Insights from a moving case …
We were recently asked to step in and support a project that had become quite “emotional”. A large multinational was moving & regrouping several ‘locations’ (do you notice that they didn’t use the term “teams”?) into a brand new building. The HR team in charge of the project named it “Zeus” and referred to it as “a transformation project”.
At first glance, all seemed OK: the new building was… stunning! The proposed canteen was… gorgeous! The plan (you know the type of document full of little boxes, arrows, and what they call “dependencies”?) was… crystal clear! People, 12 months before the actual move, already had their own space allocated … Quite a good start n’est ce pas?
So what was the problem? Despite demonstrating the politically correct “positive attitude”, the key stakeholders - the staff - were clearly not supporting the project, or even worse, were preparing secret plans to leave the company before being ‘kindly invited’ to move to ‘a better place’.
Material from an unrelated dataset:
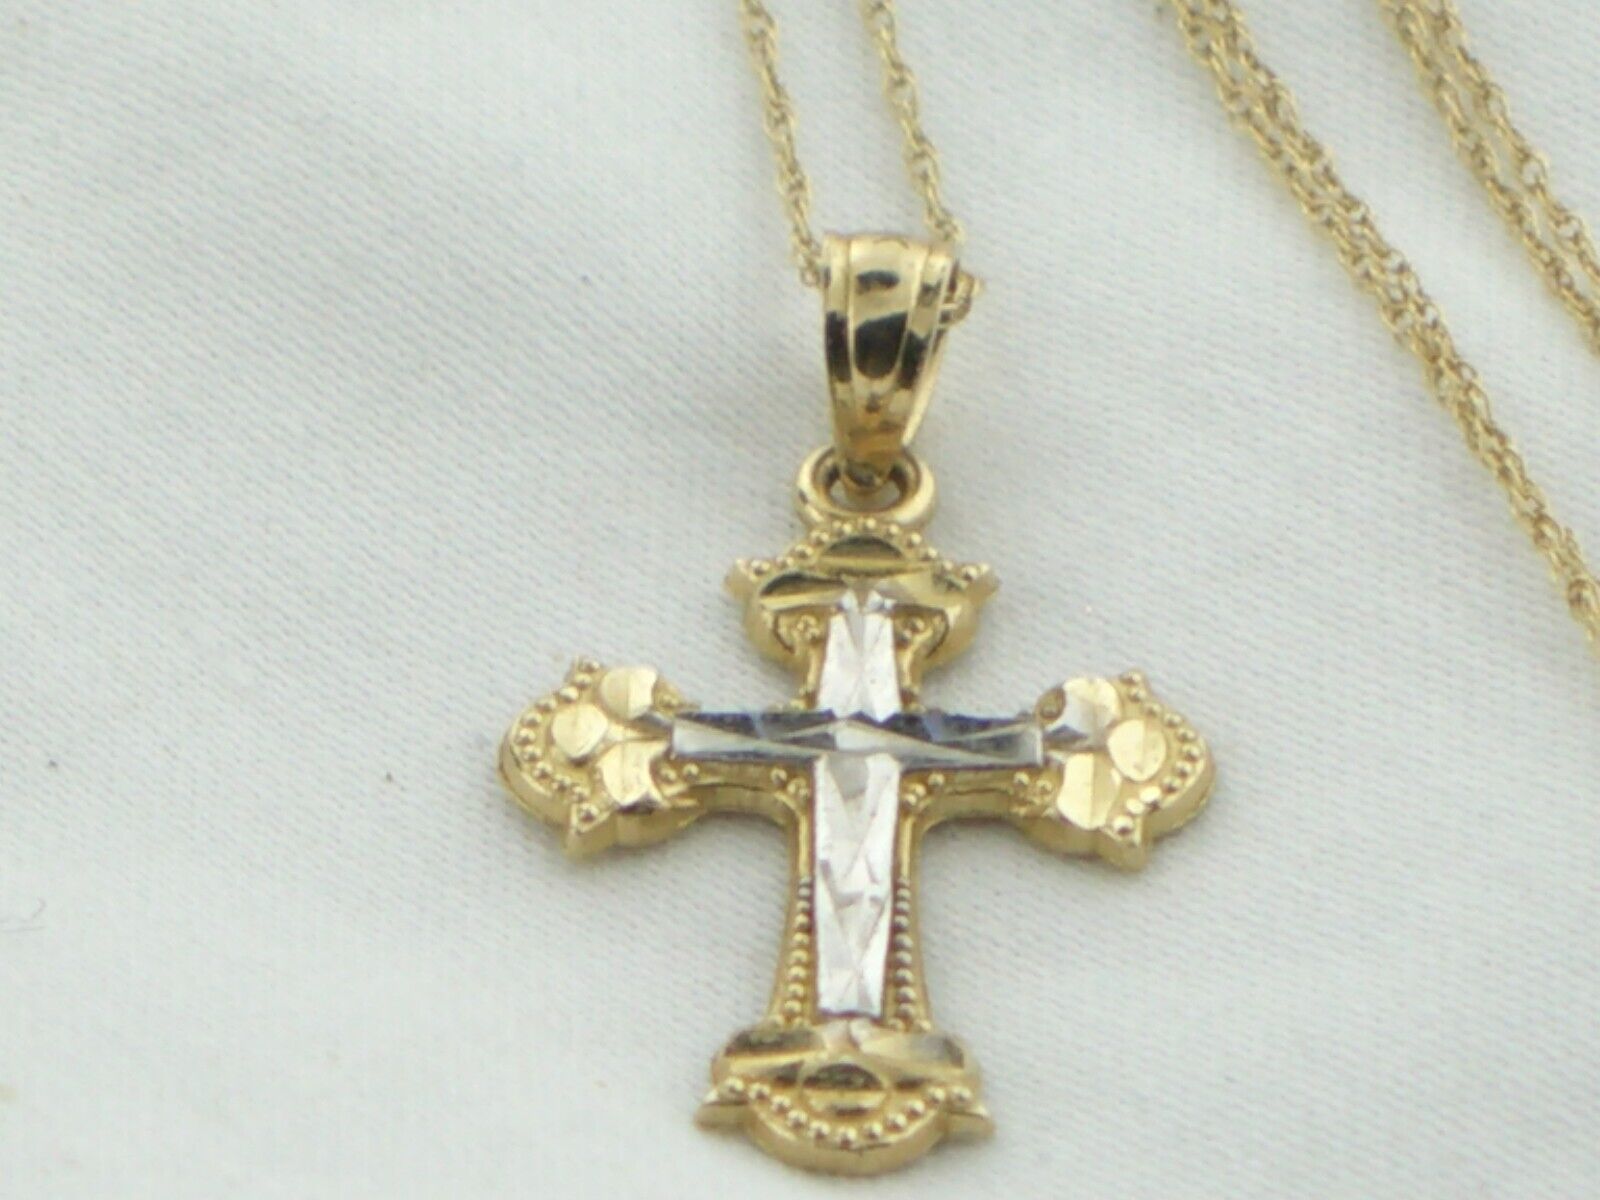 10K White & Yellow Gold Religious Cross Pendant Michael Anthony Chain Necklace
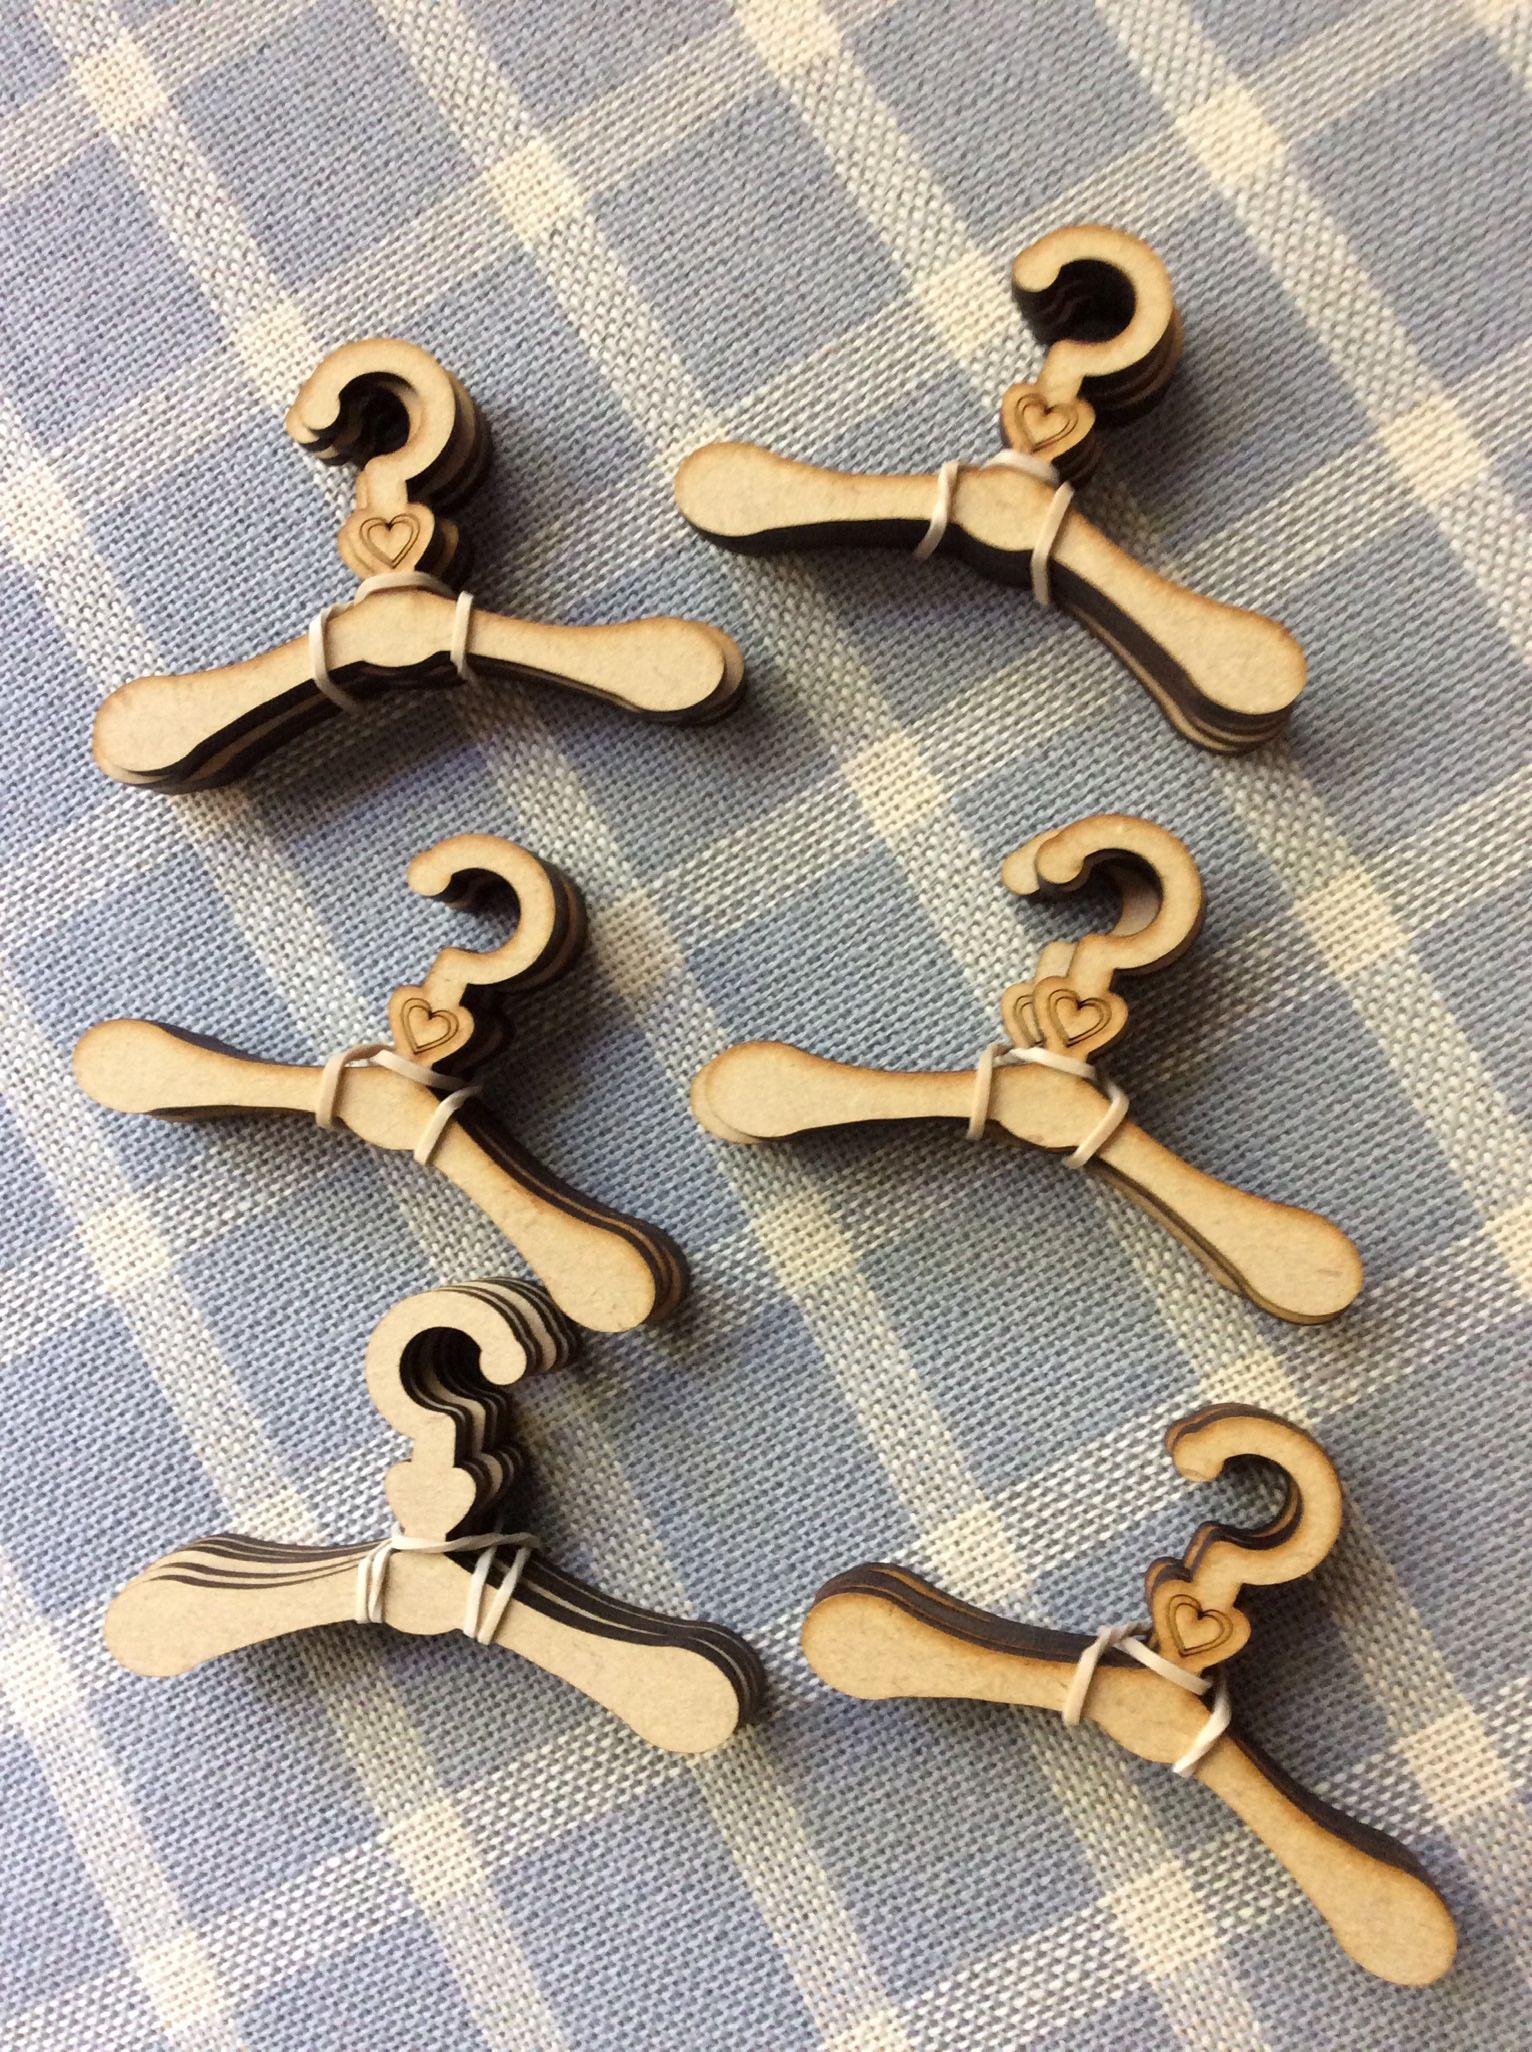 30 Wood Miniature Doll Clothes Hangers

I immediately asked a naïve question: “Why did you call this project Zeus?” The reply was abrupt: “We needed a name. This one sounded smart.” It soon became clear that we were talking about a plan, not about people. In other words, all hard, tangible, process aspects were pretty well under control, but there was strictly no meaning behind the plan, not a single piece of emotion. The only visible sign of attention to people was to be found in a glossy communication brochure featuring mottos like “Great place to work”, “Fully green building”, “Open areas for networking”, “Let the sun shine in”, … I was speechless. How can smart people genuinely believe that these mottos can make sense, translate into emotion, make people dream, convey a real meaning? … The meaningless name (Zeus, is apparently NOT the god of removals!) was just the symptom of a meaningless plan.
But this was just the beginning of the surprise. My second question (a bit less naïve this time) was: “What did you do to engage your staff to make this move?”. According to them, they did a lot of things. Brochures (showing the extraordinary bright and sunny new building), leaflets (to explain the support plan that would be given to people for their home removal), a website (to keep people aware of the latest project news), … but amazingly (to them), people remained “unengaged”.
It took one day of hard debate to nail down my point: Communicating to inform is not the same thing as communicating to engage. A simple corrective plan would explain WHY we do what we do, thus injecting some meaning into the project, rather than focus on the WHAT and HOW. This combined with an opportunity for everyone to “feel, visualize, hear, imagine, story tell” their new office allowed them to contribute to its design… This was just the beginning of a 2 day journey!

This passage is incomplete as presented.